Nathan lumbers over, caveman-like, and leans back against the stone. In a few years he’ll be as tall as Robert, maybe taller. He’ll have to get used to dipping his head down in public places.
“I have something I want to say to the two of you.”
“What is it, Dad?” Andrew asks.
“It’s a delicate issue.”
“Delicate?”
“Like your mother’s glassware, except in a different way. Nathan, are you listening?”
“Yes.”
“Look at me. I’m talking about love. I want to tell you boys that I love you. I love you more than anything in this world and it’s important for me that you know I do. Do you know I do?”
Andrew straightens up. Nathan grips his knees with his large hands.
“Do you love your father?”
“Sure, Dad,” Nathan says.
“Andrew? Do you love your father?”
“I guess so,” Andrew says.
“Why do you have to guess?”
“I don’t know,” Andrew says and bows his head.
“Okay. That’s okay.”
The boys look at each other, communicating in silence the awkwardness of this moment, and Robert knows, as well, that if he and Brian were down here with Red, they might have already leapt into the river. Of course, their father had never told them he loved them, never like this, anyway, and Robert doesn’t know if this is the best way to tell them or if, given another shot in the future, it will scare them just the same to hear his voice, soft but firm, talking about love.
“Can we go now, Dad?” Andrew says. “It’s freezing down here.”
“In a minute.”
They sit in silence for a while. Robert smokes and looks at the river. Andrew rubs his hands up and down his arms. Nathan bites his fingernails.
“All right,” Robert says. “We can go now.”
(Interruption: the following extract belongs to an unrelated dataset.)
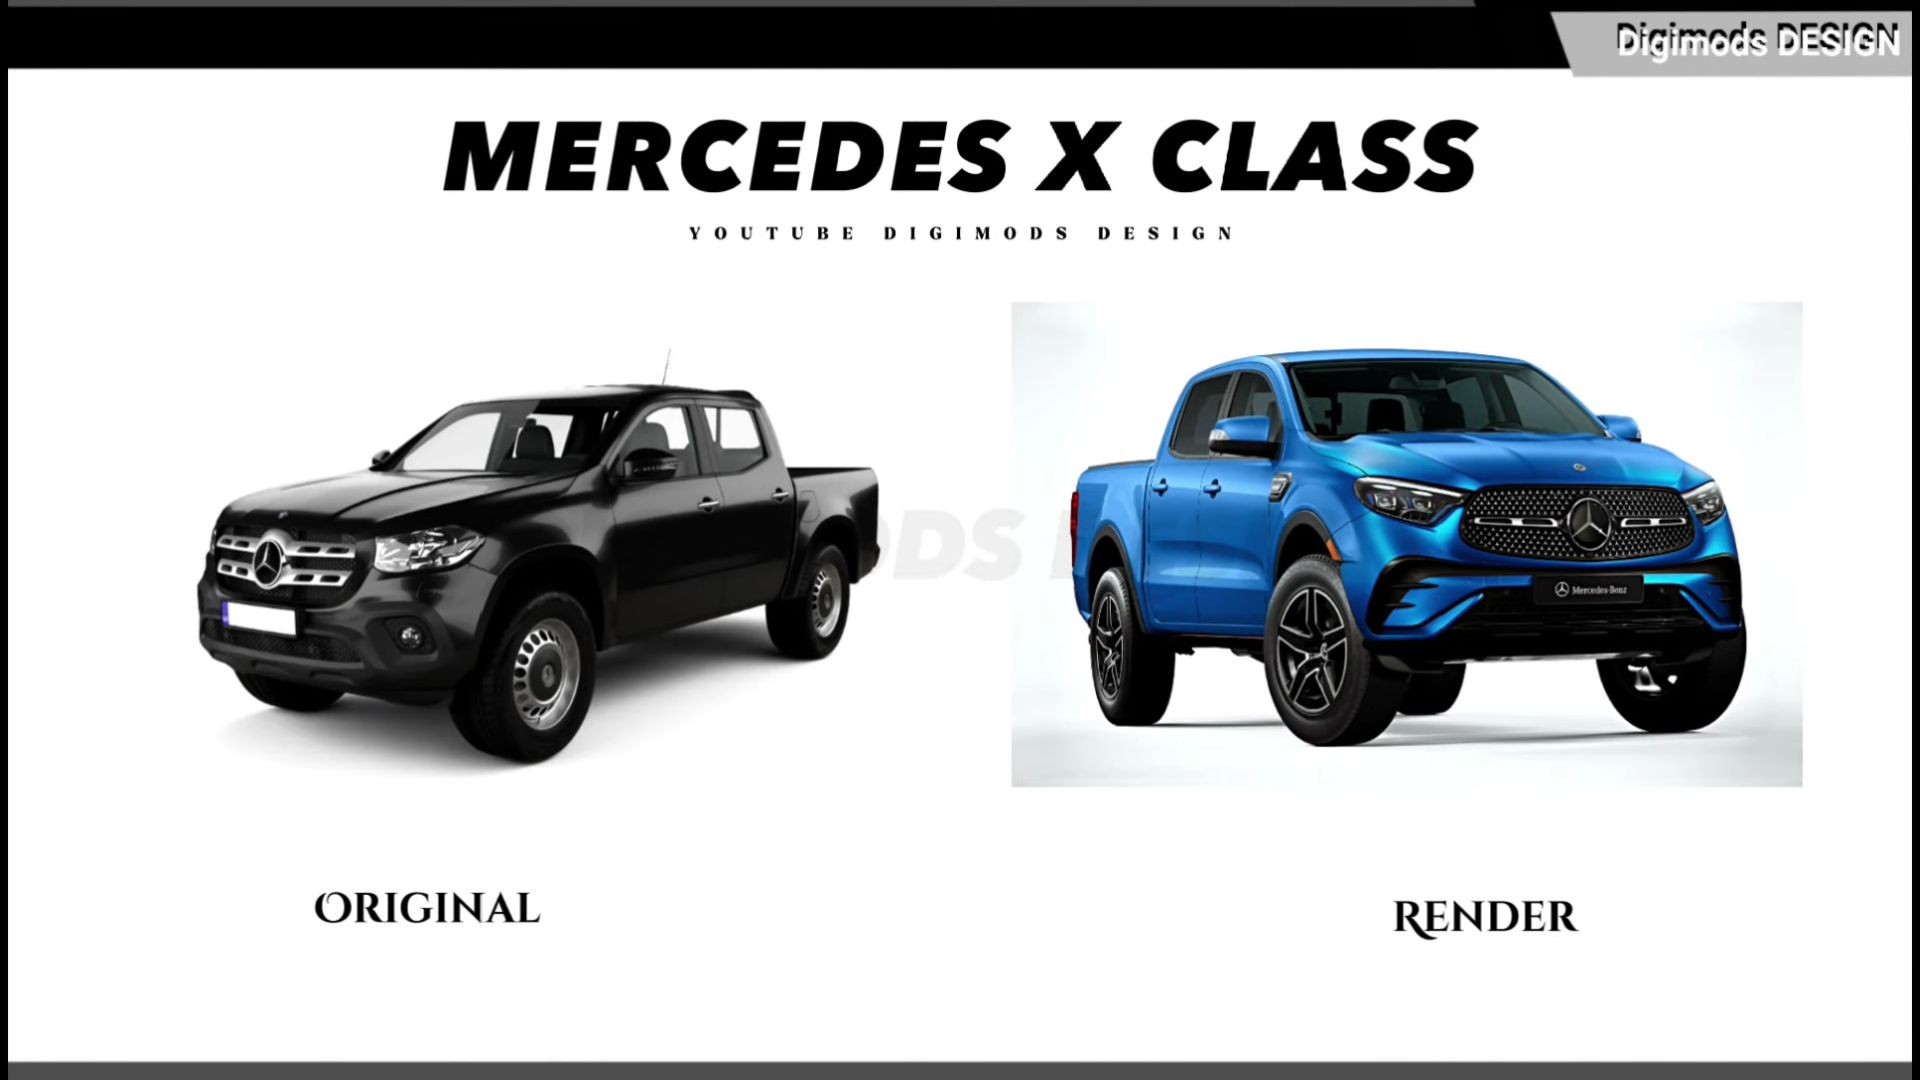 Mercedes Benz Class X Segunda Geração / Foto reprodução / Digimods Design

They walk back up to the top and stand at the bridge railing and look at the river. Robert wonders if he was convincing enough, if his sons believe that he loves them as much as he says he does. Every rushed hug, every kiss on the corner of the lips, an awkward exchange, not a show of love, really, as much as proof that men shouldn’t engage in soft, physical contact for more than a few seconds. In one quick motion, Robert moves behind Andrew and picks him up and hangs him over the wooden rails so that his feet dangle in the air.